What’s older, software or agile?

For each and every accomplishment in today’s business world, we say thank you to nimble technology. Smart automation and robust analytics have made us masters of productivity and strategizing, pushing our companies straight to the competitive edge.

What we do struggle with is HR.

Though empowered with no less powerful toolkits, representatives of this and other crucial supporting departments are still lagging behind our production and customer-facing teams. This brings up the question – is agile tech all we need, or do we have to make HR agile in its core?

Is an agile approach to HR even feasible?

And if so, how to employ it?

Why We Need Agile HR?

We work in a customer-centered world, where every single aspect of our organizations must aim to accomplish the same goal. Some call it customer satisfaction, others customer success. In any case, it’s obvious who has a precedence.

Of course, agile software development serves this mutual purpose as well. Without it, we wouldn’t be able to meet the ever-growing demands of the modern consumer. Our production lines would flop, and so will all other organizational aspects task with keeping the customer hungry for more.

And, that requires one hungry workforce.

The best equipped among us have succeeded in retaining our large customer pools, but at what price? Being so focused on the receiving end, we’ve forgotten about two crucial things – our talent pools and employee satisfaction. Moving forward, we’ve forgotten to recharge our HR batteries.

Without HR to take care of our employees, we’ll hardly be able to take care of our customers for long. Despite all our investments in cutting-edge HR tech, human resources remain traditional and unequipped to meet the ever-growing demands of the modern workplace.

Is Agile HR an Urban Legend?

Of course not.

A lot of (successful) organizations are sending their HR teams off to agile training courses, where they are learning how to implement and use nimble technology in everyday processes, but also how to make a switch from traditional processes to sustainable workflows.

A good example comes from ING, a leading provider of personal banking and savings accounts, which understood that agile customer service and banking technology cannot help them move forward without an agile approach to HR to support them.

So, ING did some research.

Their leadership team visited a couple of digitally native companies like Netflix and Zappos to see how this approach works in practice. They talked to their (millennial) employees about what attracted them to these companies and what made them decide to build a career there.

In doing so, ING learned a valuable lesson – that agile is not only about tech and automation, but even more about building a culture in which attitude, collaboration, and readiness to learn and improve are the most valuable assets.

Interestingly enough, they all fall under the HR bracket.

How to Make Your HR Agile?

Take a hint from ING and go see agile teams in action.

You’ll learn that apart from collaboration and continual development, this approach implies more frequent assessments of employees’ KPIs and HR’s performance itself. Instead of annual cycles, agile HR uses short milestones as a gauge that helps track and improve everyday operations.

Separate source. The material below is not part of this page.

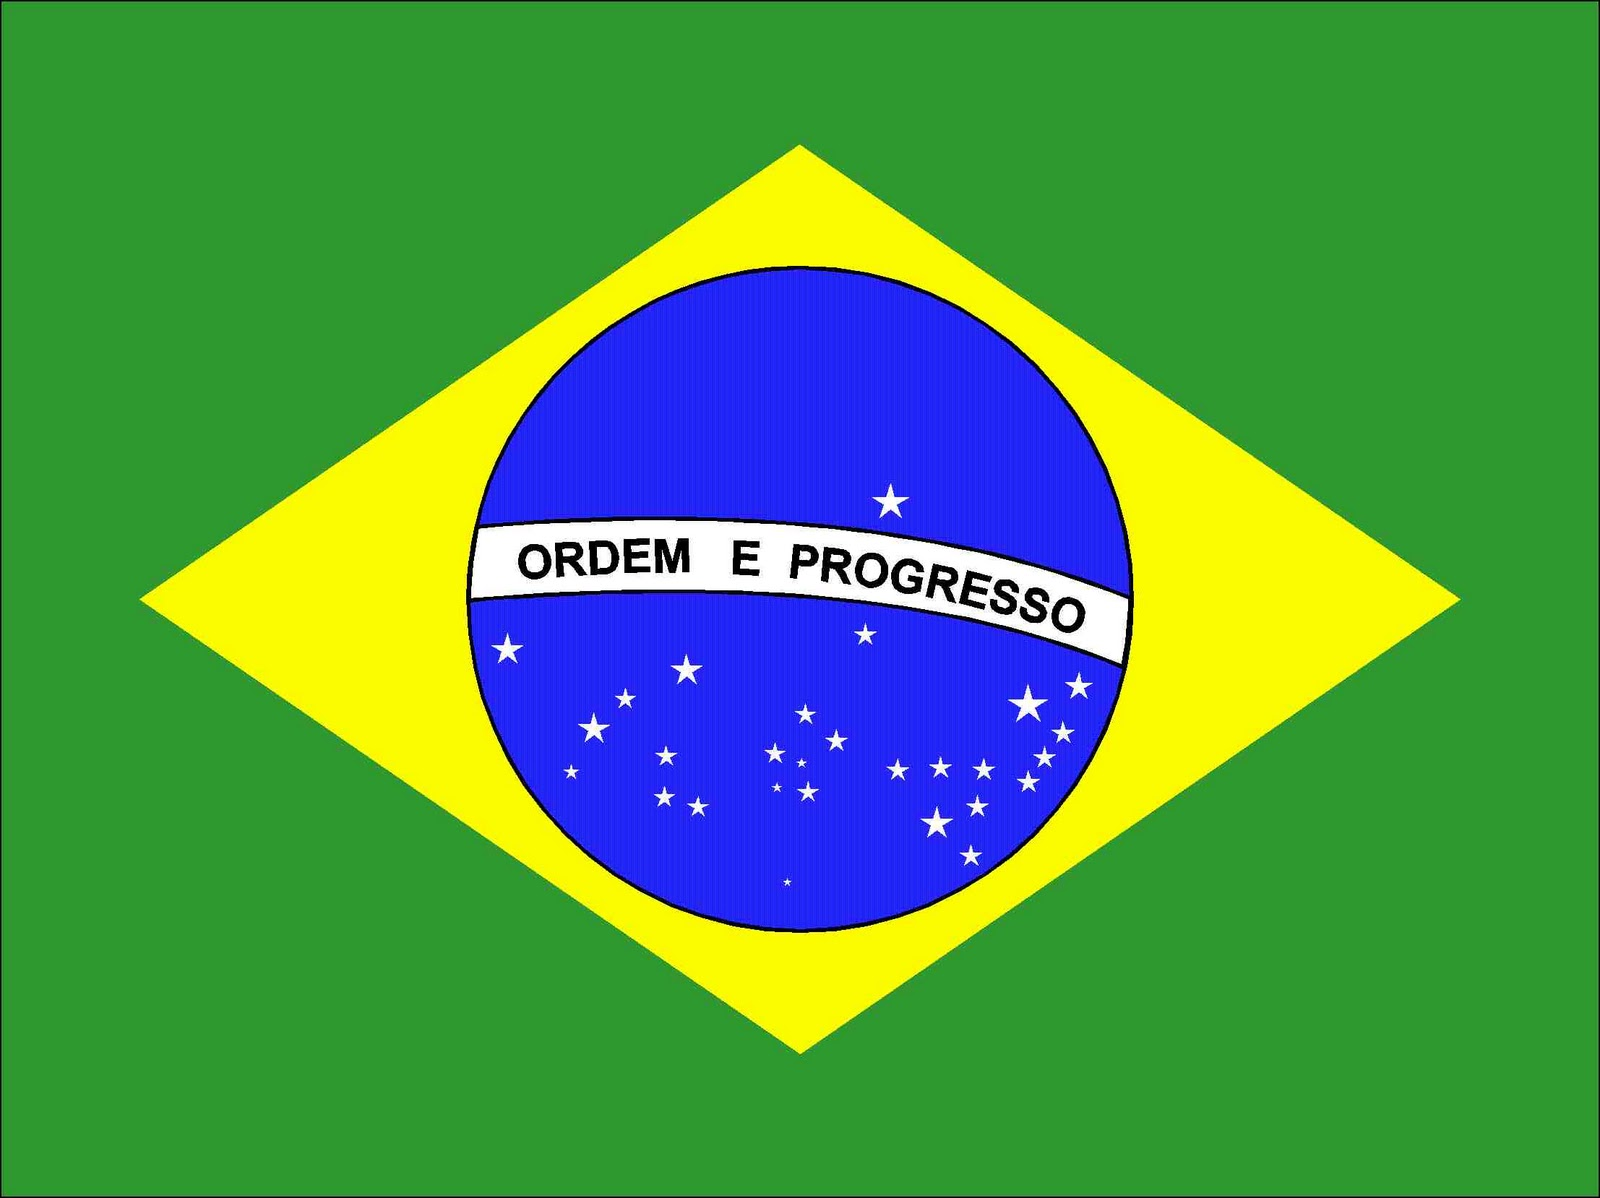 5000-website-visitors-from-Brazil

An agile HR team also relies on total workforce management system for keeping these operations in check. As all agile tools, these systems allow them to allocate tasks, collaborate in real time, introduce transparency, as well as record and analyze their milestones.

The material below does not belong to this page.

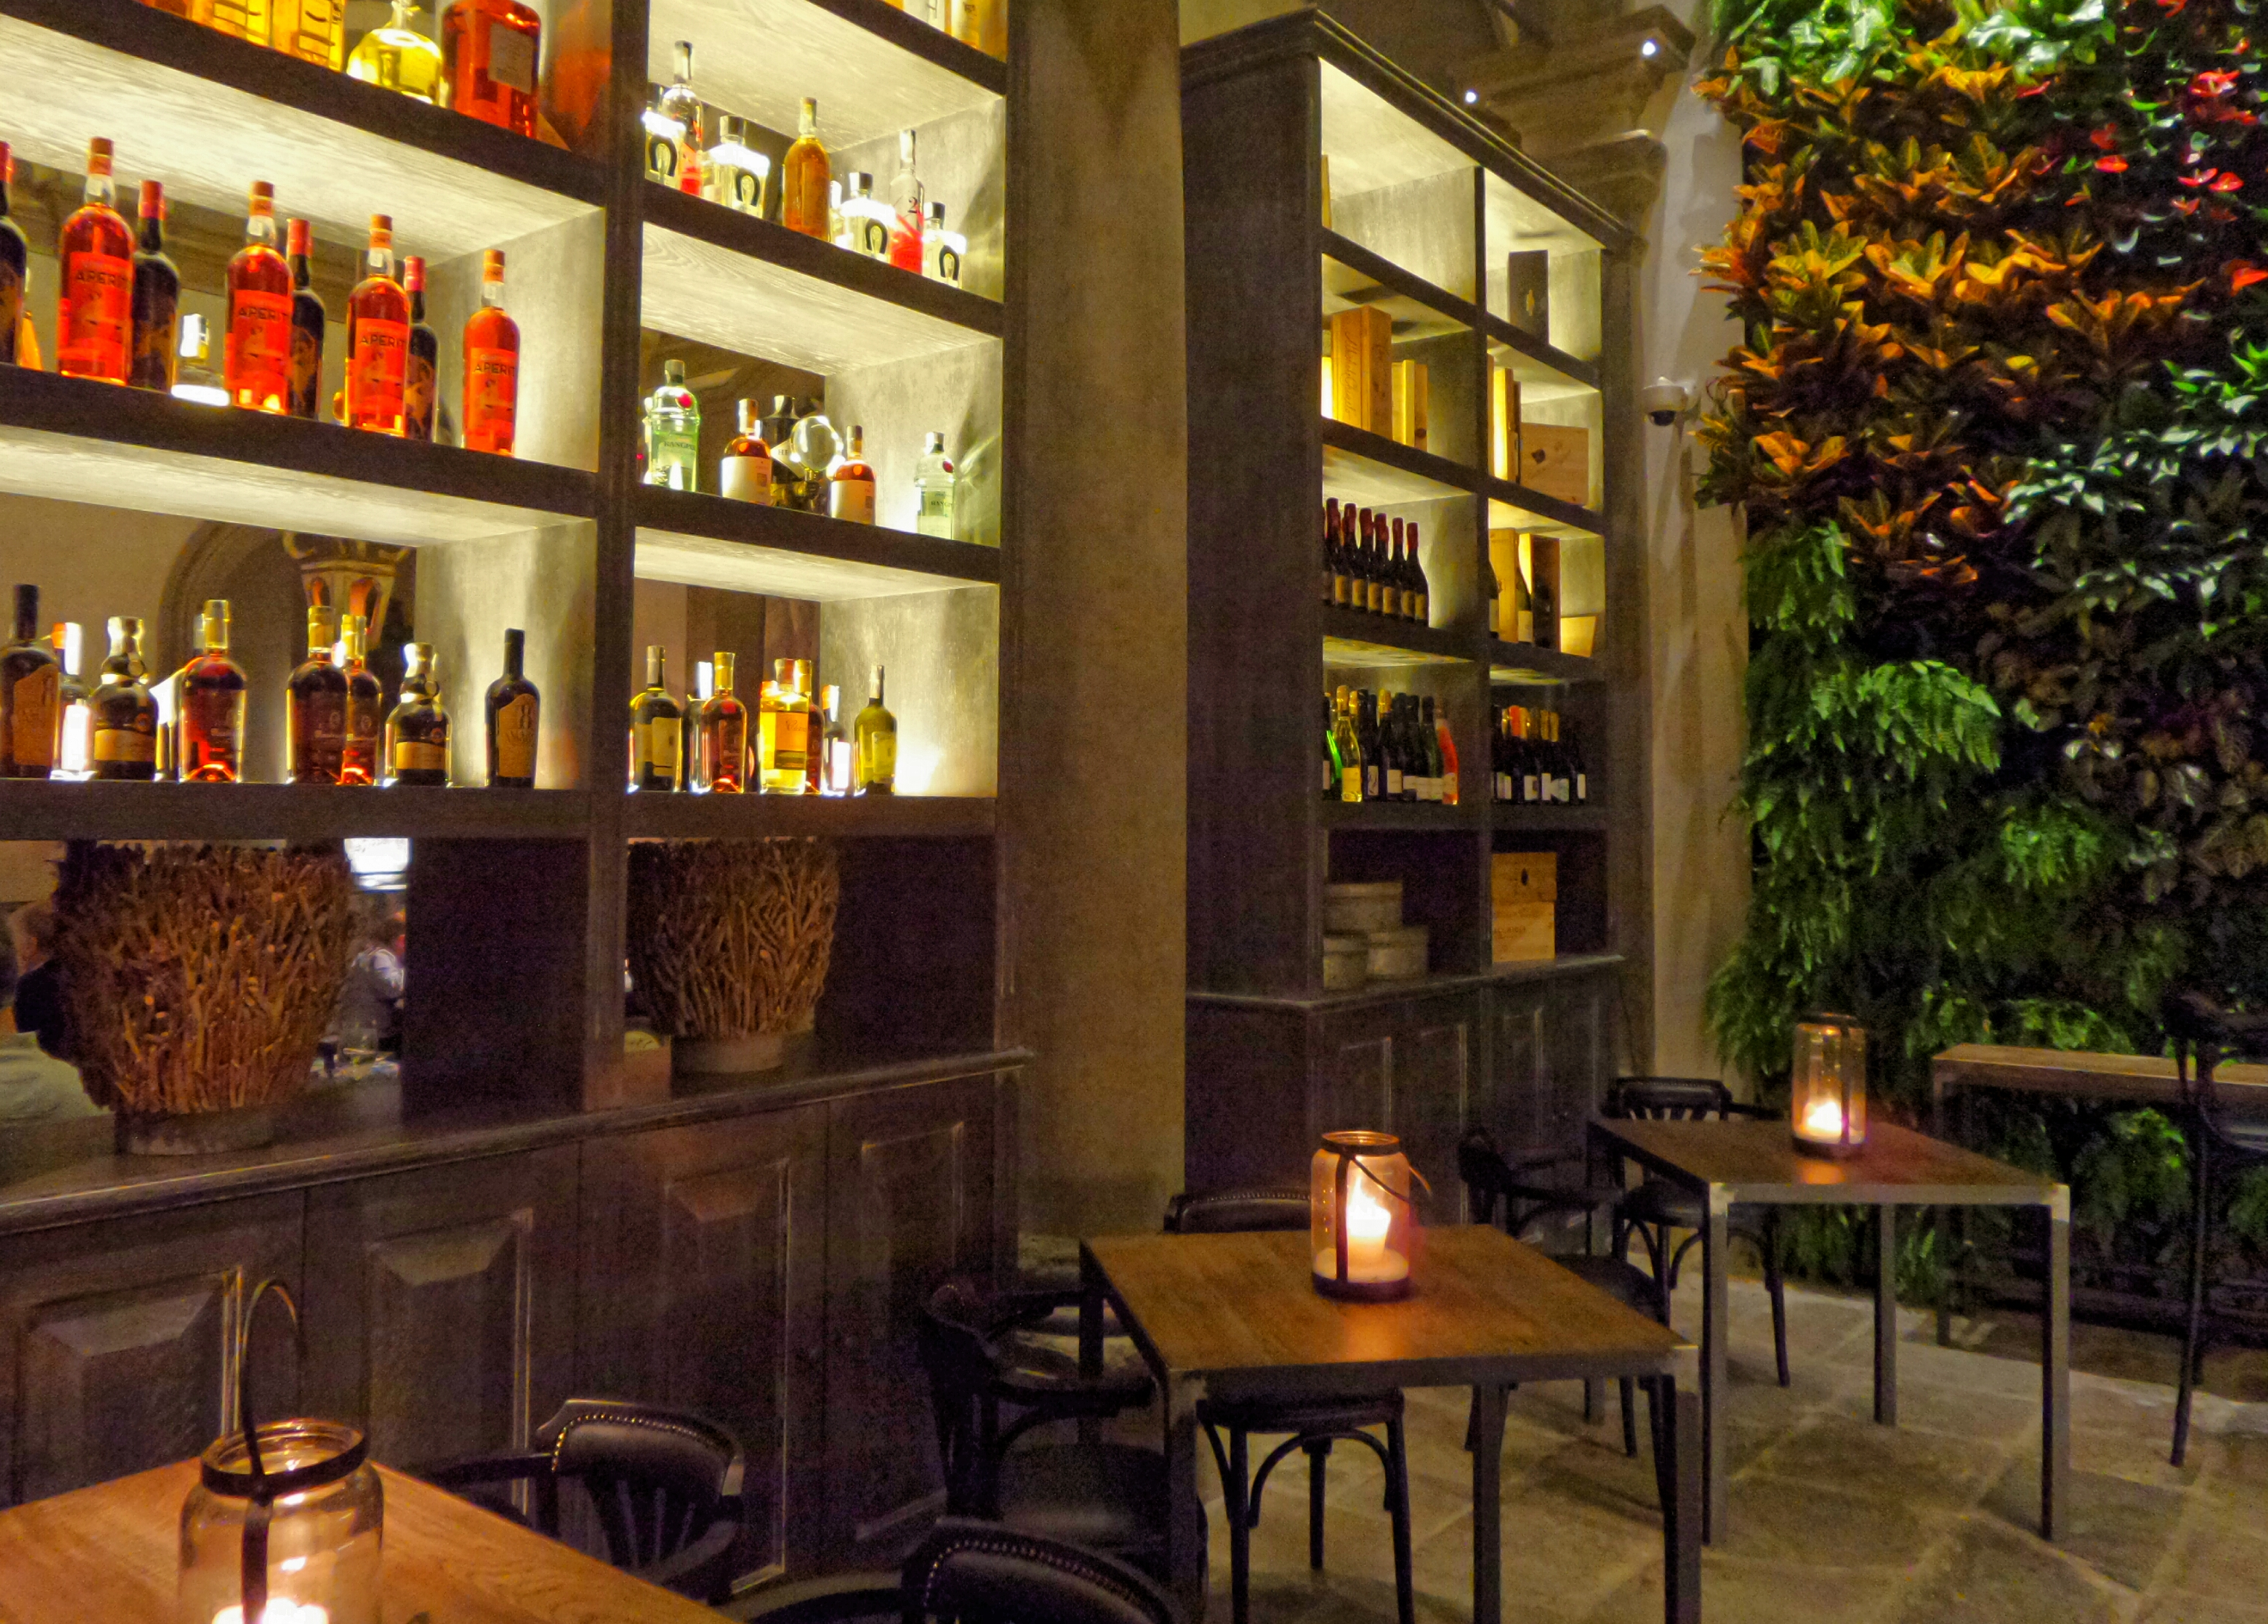 La sala bar sormontata dall'ampia veranda

A huge part of HR processes can be automated, but keep in mind that automation only serves to speed up repetitive and administrative tasks so that your team could devote their time to actual legwork. This especially applies to real-time employee feedback and response.

So, go see how others are doing this, but develop your own approach.

Since agile is about streamlining operations through best practices, it’s not exactly a copy-paste methodology. You’ll have to experiment to keep improving. To see what works and what doesn’t, introduce biweekly revision meetings.

Your employees are burning up the last of their energy trying to keep up the pace with demands of modern customers, and HR is the only support system they have. As a backbone of your organization, just imagine how far it would be able to go if you make it agile enough.